Tum/Pav coexpression phenotype is enhanced by increased cytoplasmic concentration and abolished by a mutation in the RhoGAP domain. (A) GFP::PavNLS is excluded from the nucleus and detected in the axons and dendrites of MB neurons. (B–B′′) Coexpression of UAS-GFP::PavNLS and UAS-MYC::Tum leads to their overlapping subcellular localization. Arrowheads follow misrouted axons that bypass the peduncle (*) and misguide to a region ventral to the medial lobe (#) before innervating part of the medial lobe.
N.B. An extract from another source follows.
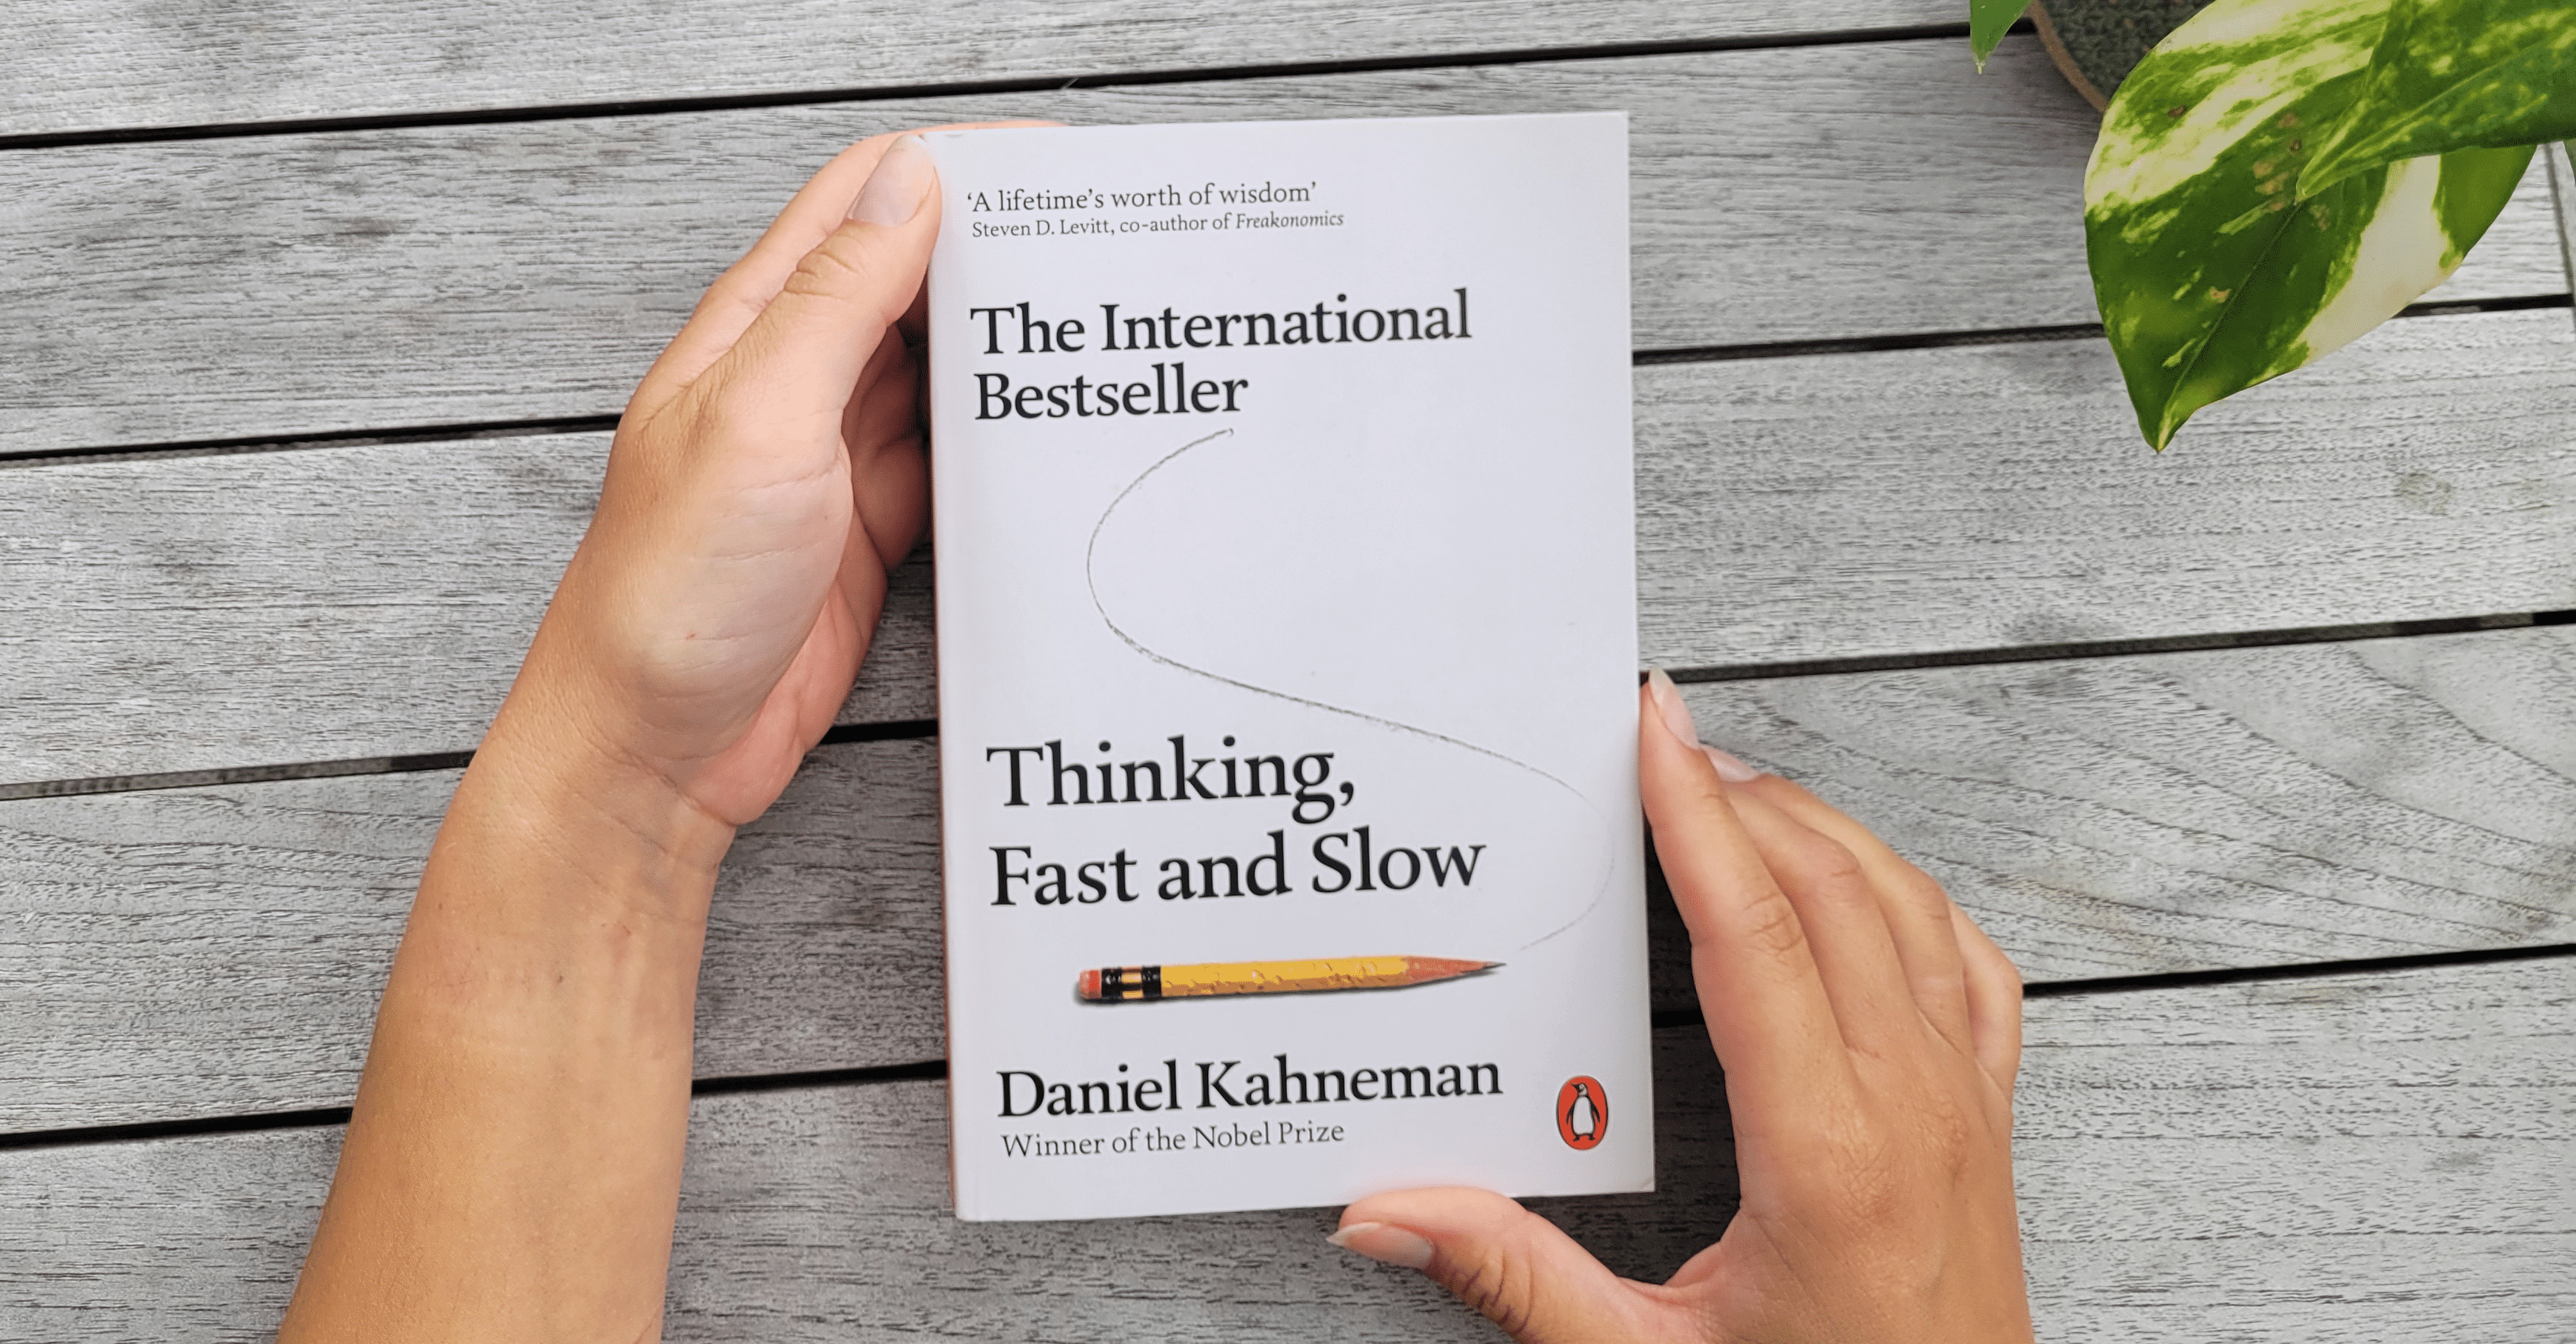 INTERNATIONAL　KAHNEMAN　BY　THE　THE　BESTSELLER　SLOW　NOBEL　PRIZE　THINKING,　FAST　AND　WINNER　DANIEL　OF　Lazada　PH

B is a merge of MYC (B′) and GFP (B″) signals. (C) MYC::TumR417L is restricted to the nuclei of MB neurons when expressed alone. (D–D′′) Coexpression of UAS-GFP::PavNLS and UAS-MYC::TumR417L leads to a similar overlap of their subcellular localization but does not lead to a gross change in the axonal targeting of MB neurons. D is a merge of MYC (D′) and GFP (D″) signals. (Scale bar: 50 μm.) (E) Quantification of axon misrouting with the expression of Tum and Pav transgenes. DL, dorsal lobe; ML, medial lobe. See Materials and Methods for details of analysis.